Day 11: Dietrich Bonhoeffer

Dietrich Bonhoeffer (1906-1945) was a Lutheran theologian, writer, poet, musician and educator. Raised in Germany, he was safe in London at the outbreak of WWII. Instead of staying there, he returned to Germany to join the resistance movements and to advocate on behalf of the Jews, including being involved in Operation 7, a rescue mission that helped a small group of Jews escape to Switzerland. His leadership in the anti-Nazi Confessing Church and his work in resistance make his works a unique source for understanding the interaction of religion, politics and culture among those few Christians who actively opposed National Socialism.


He was ultimately hanged in 1945 in the Flossenberg concentration camp as a result of his participation in a failed plot to kill Hitler. With that in mind, take a minute to reflect on his own words regarding this:

“If I see a madman driving a car into a group of innocent bystanders, then I can’t, as a Christian, simply wait for the catastrophe and then comfort the wounded and bury the dead. I must try to wrestle the steering wheel out of the hands of the driver.”

To what extent can an abhorrence of violence lead you to maybe be an innocent bystander to an impending catastrophe?
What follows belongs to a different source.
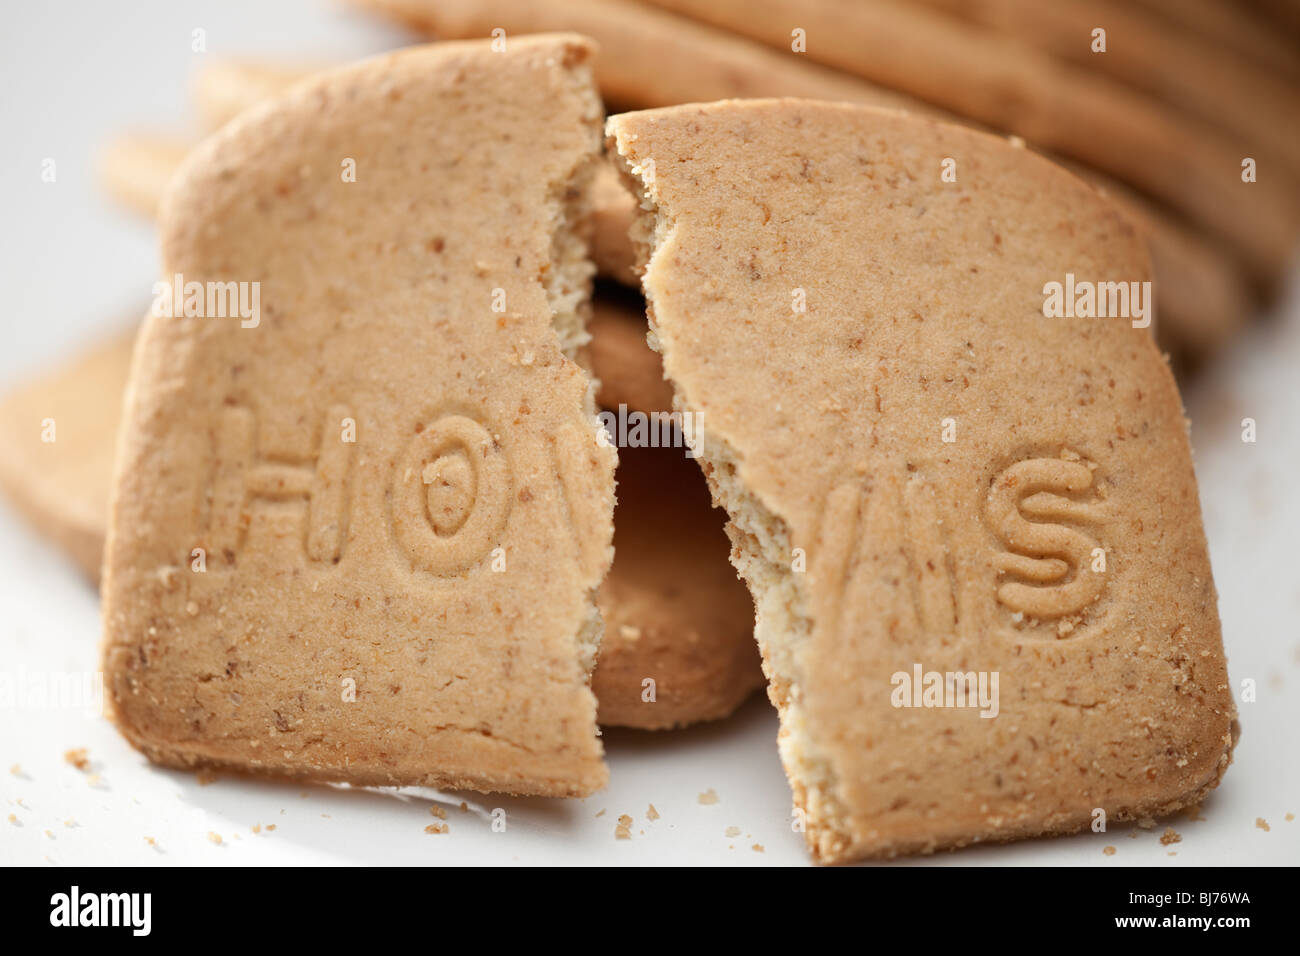 Broken Hovis digestive biscuit Stock Photo

One thought on “Day 11: Dietrich Bonhoeffer

  1. Whatever Bonhoeffer’s role in the plot against Hitler, I focus on this question: How did God use and bless Dietrich?” It wasn’t to kill Hitler (God’s is still Sovereign and pulls down and lifts up). It was in his humble ministry to prisoners and in his clear teaching. A favorite quote which I used as the epigraph for a book on Christian pacifism: “To believe the promise of Jesus that his followers shall possess the earth, and at the same time to face our enemies unarmed and defenseless, preferring to incur injustice rather than do wrong ourselves, is indeed a narrow way.”